An international team of researchers led by Robin Wordsworth, the Gordon McKay Professor of Environmental Science and Engineering and Professor of Earth and Planetary Sciences, have demonstrated that they can grow green algae inside shelters made out of bioplastics in Mars-like conditions. The experiments are a first step toward designing sustainable habitats in space that won't require bringing materials from Earth.

"If you have a habitat that is composed of bioplastic, and it grows algae within it, that algae could produce more bioplastic," explained Wordsworth. "So you start to have a closed-loop system that can sustain itself and even grow through time."

The research is in Science Advances.

Growing algae in Mars-like conditions

In lab experiments that recreated the thin atmosphere of Mars, Wordsworth's team grew a common type of green algae called Dunaliella tertiolecta.
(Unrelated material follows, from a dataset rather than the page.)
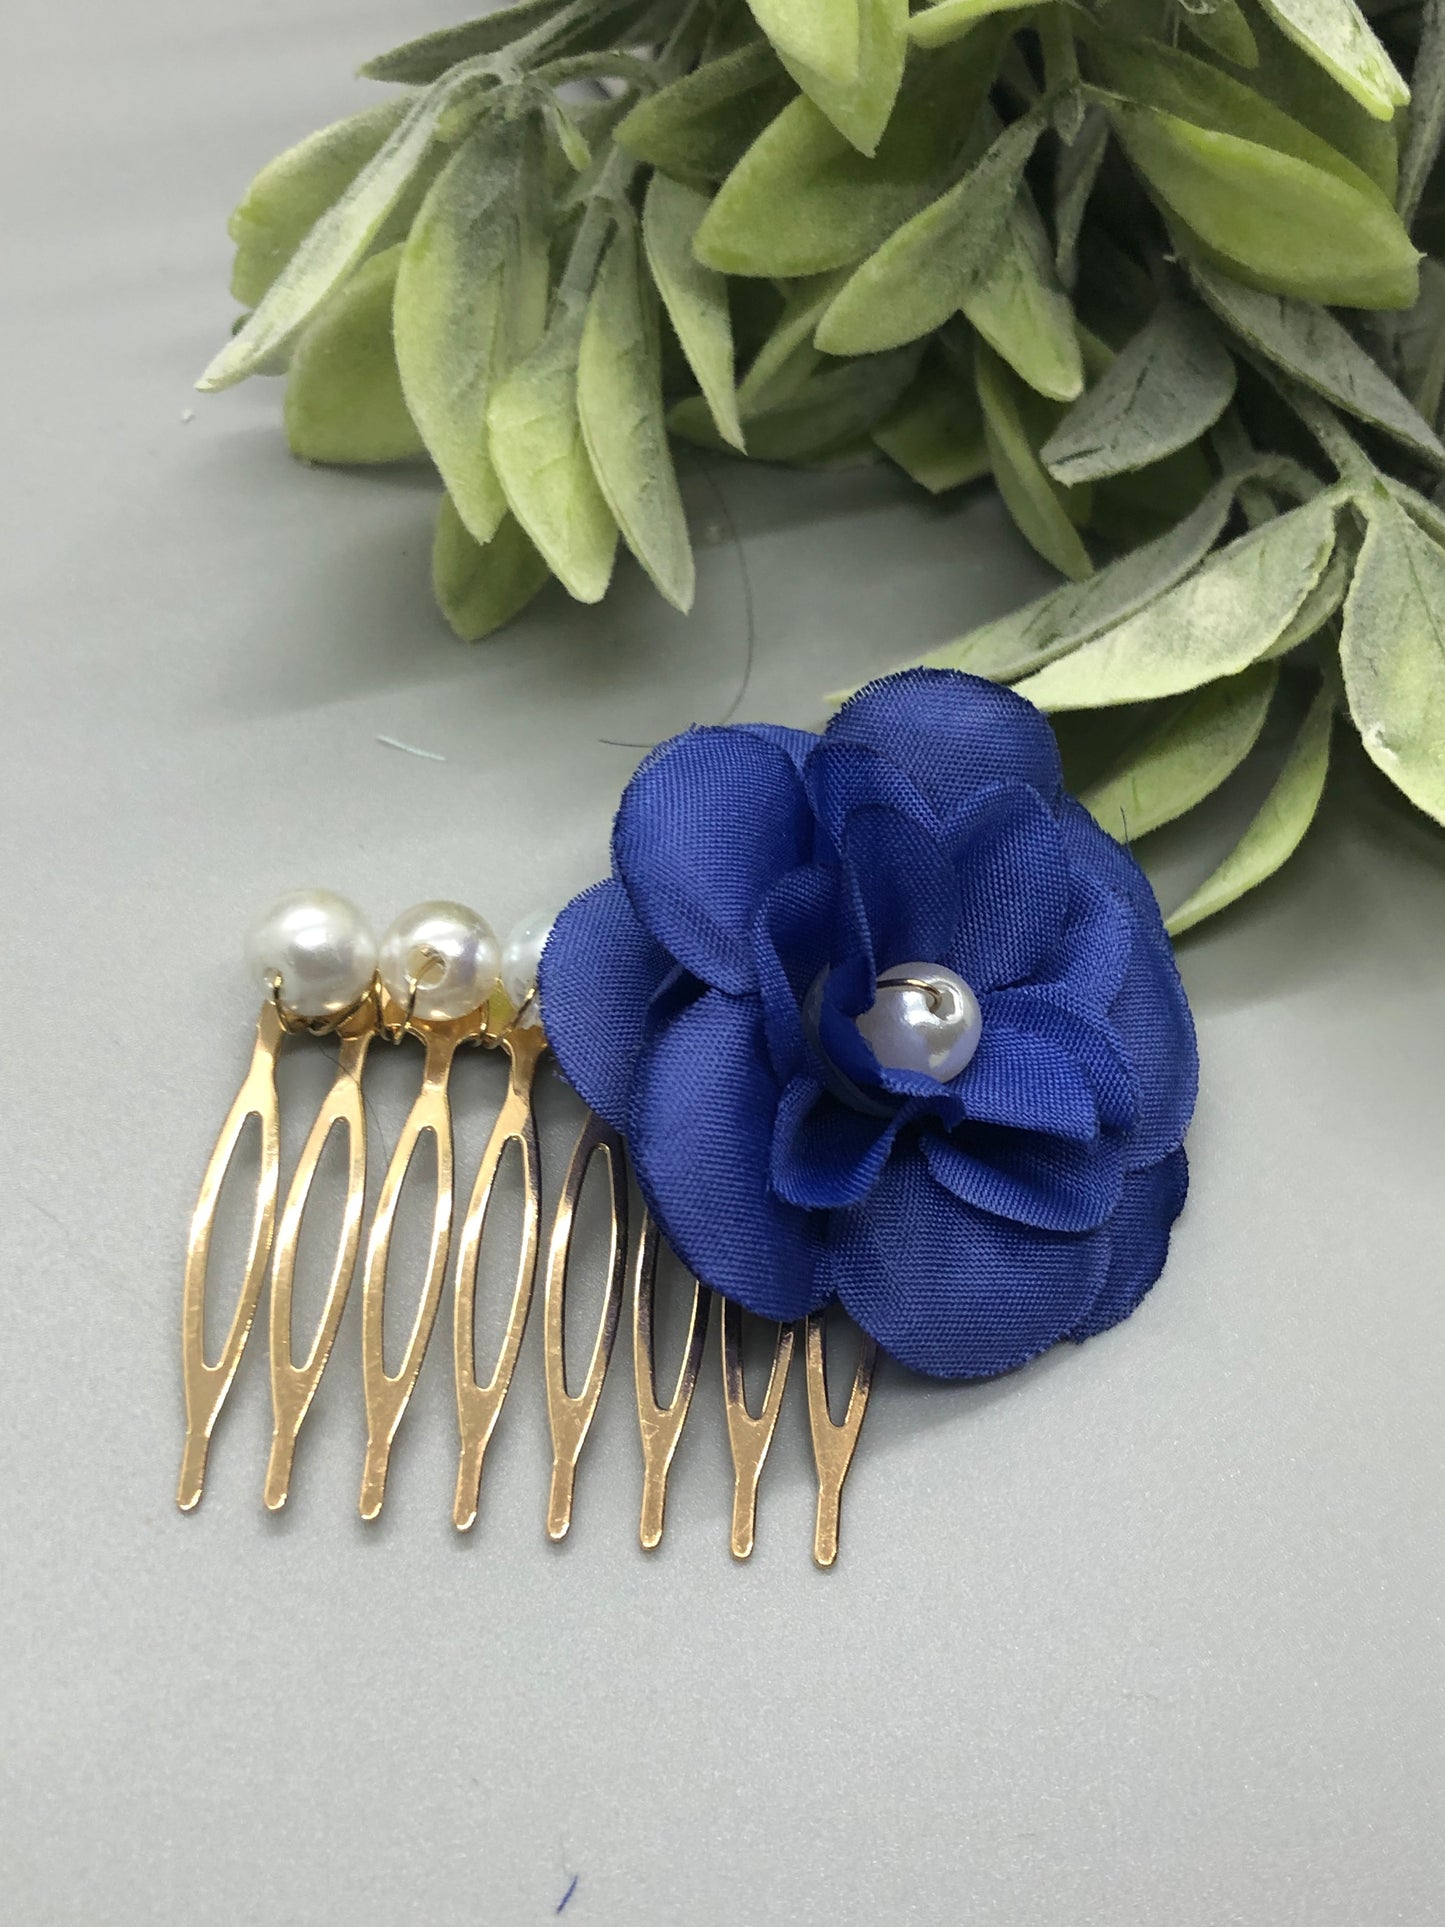 Navy Blue Flower White Beads 2.0' Metal Side Comb Retro Vintage Style 1 pc

The algae thrived inside a 3D-printed growth chamber made from a bioplastic called polylactic acid, which was able to block UV radiation while transmitting enough light to allow the algae to photosynthesize.
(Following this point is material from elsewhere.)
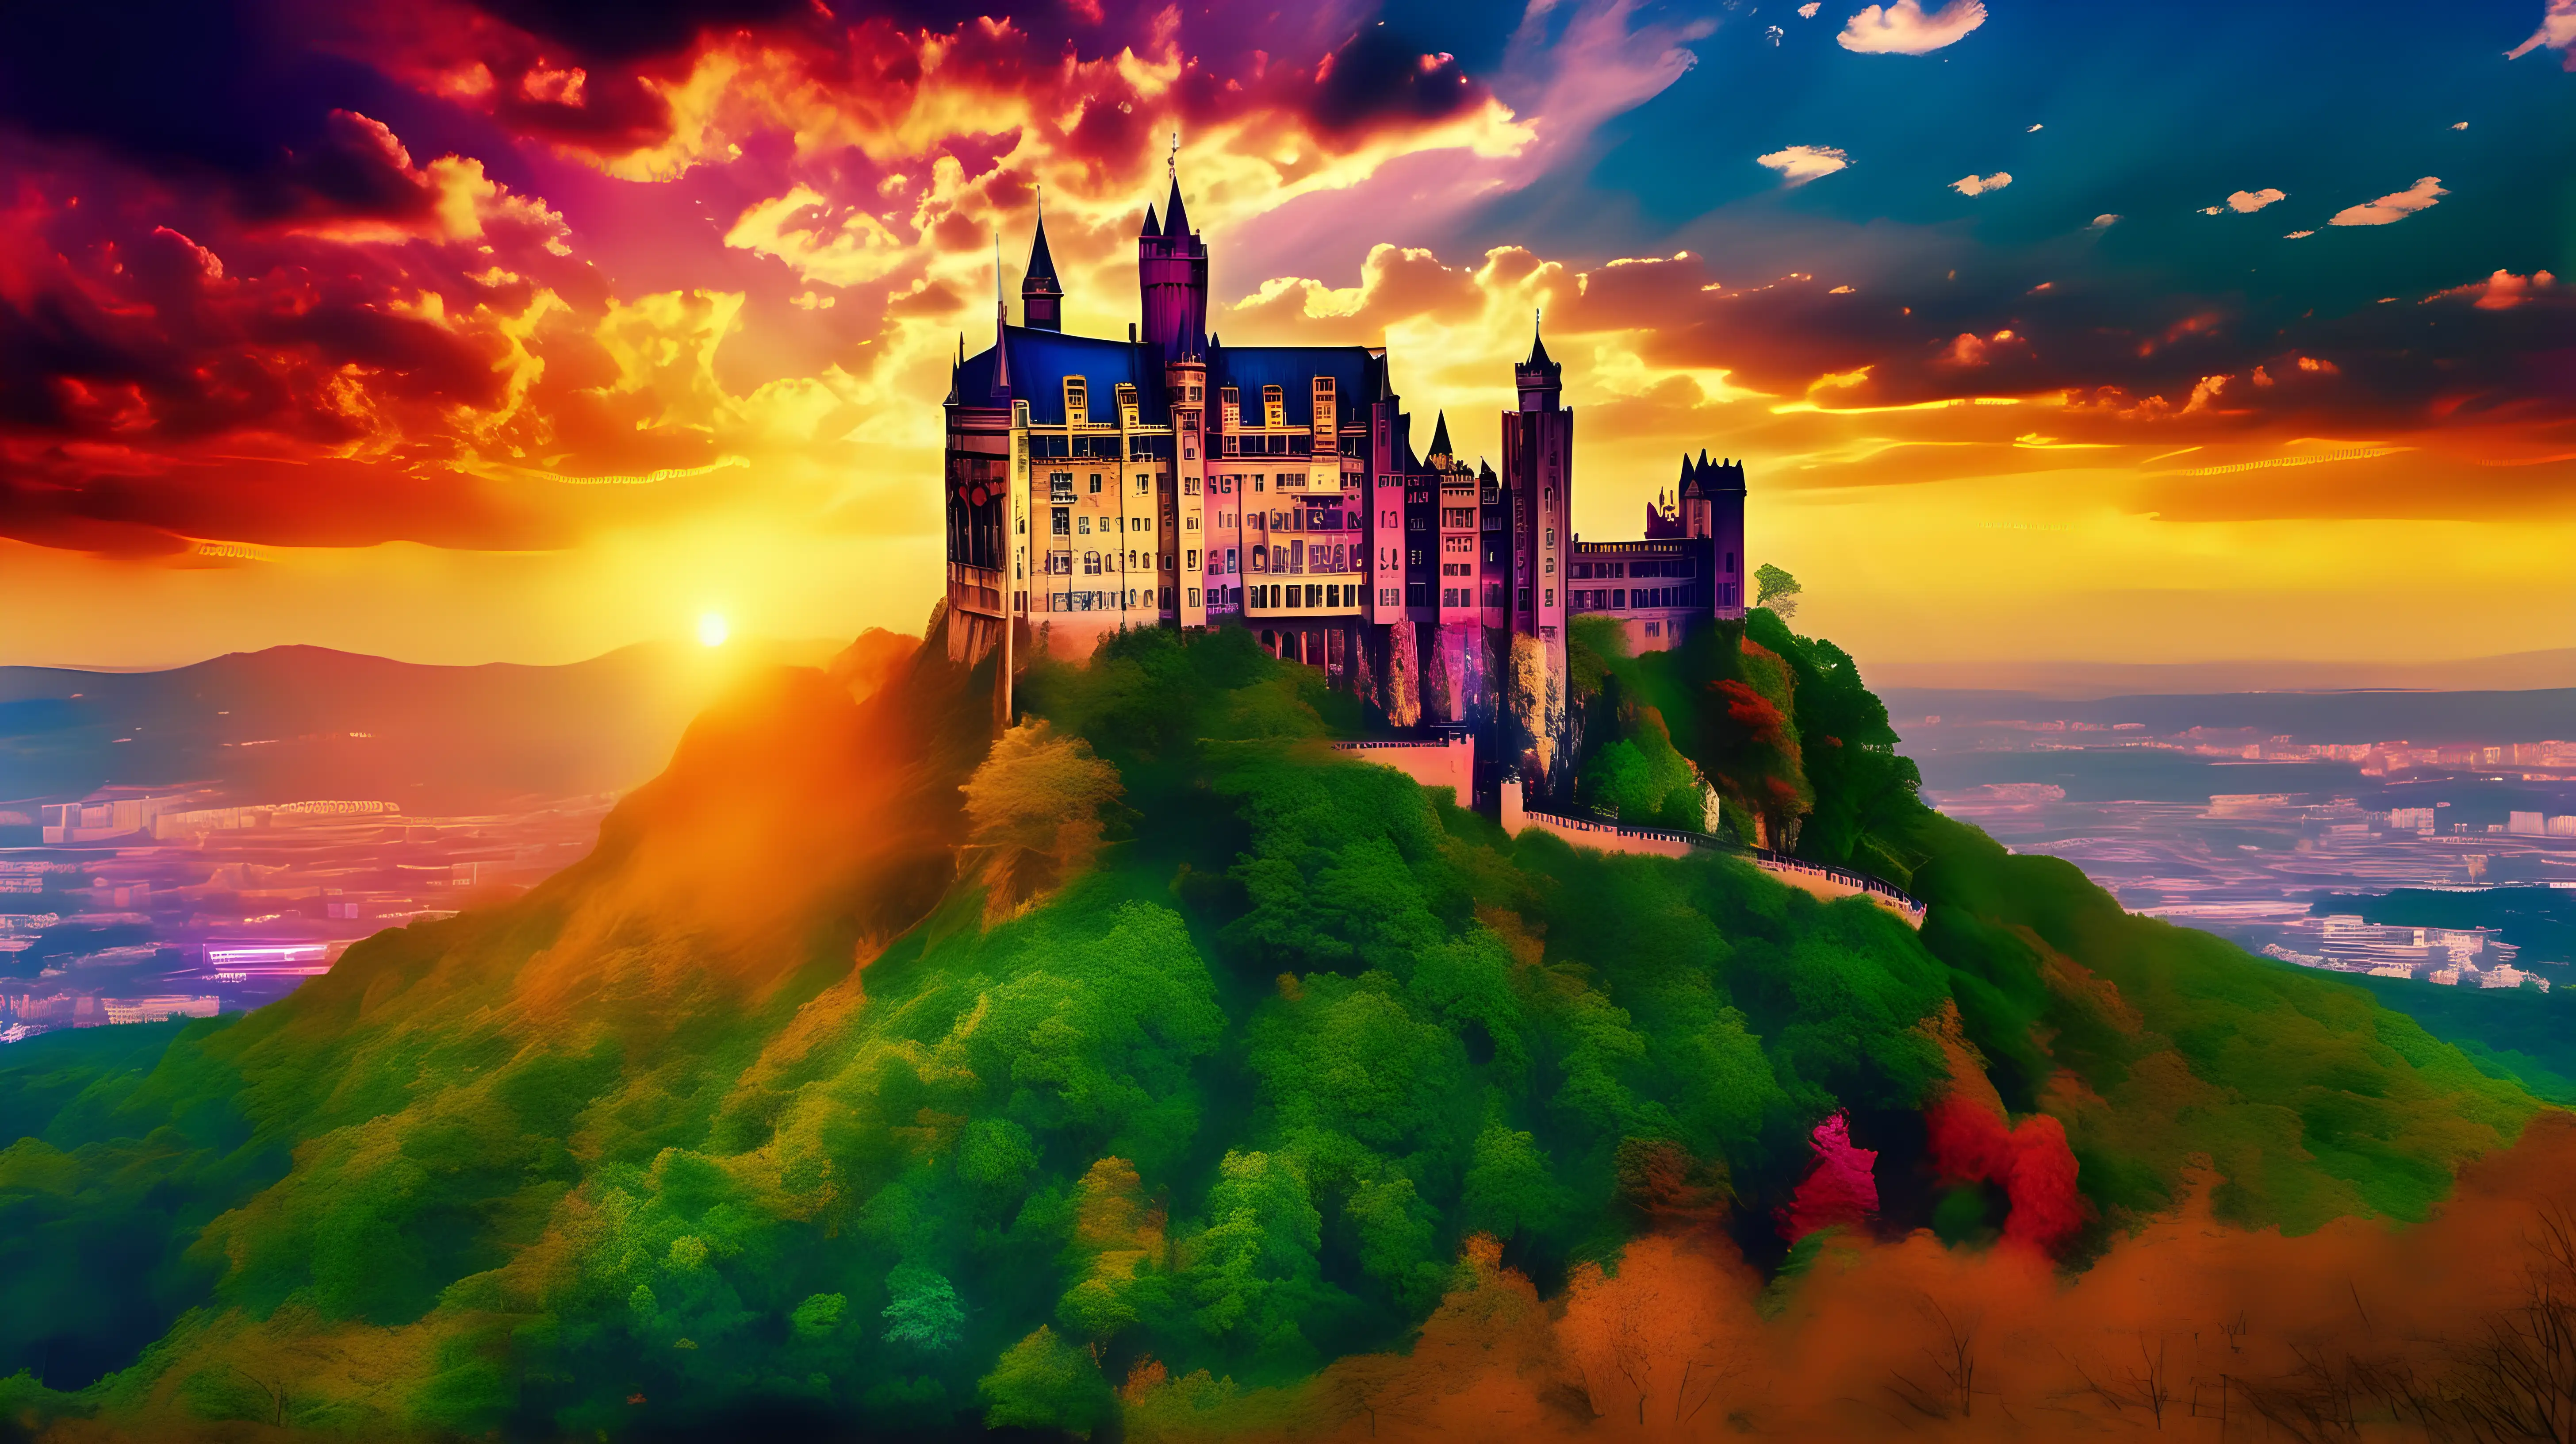 Enchanting Sunset Castle on a Hill with Lush Greenery

The algae was kept under a Mars-like 600 Pascals of atmospheric pressure—over 100 times lower than Earth—and in a carbon dioxide-rich environment, as opposed to mostly nitrogen and oxygen like on Earth.

Liquid water cannot exist at such low pressures, but the bioplastic chamber created a pressure gradient that stabilized water within it. The experiments point to bioplastics as potentially key to creating renewable systems for maintaining life in a lifeless environment.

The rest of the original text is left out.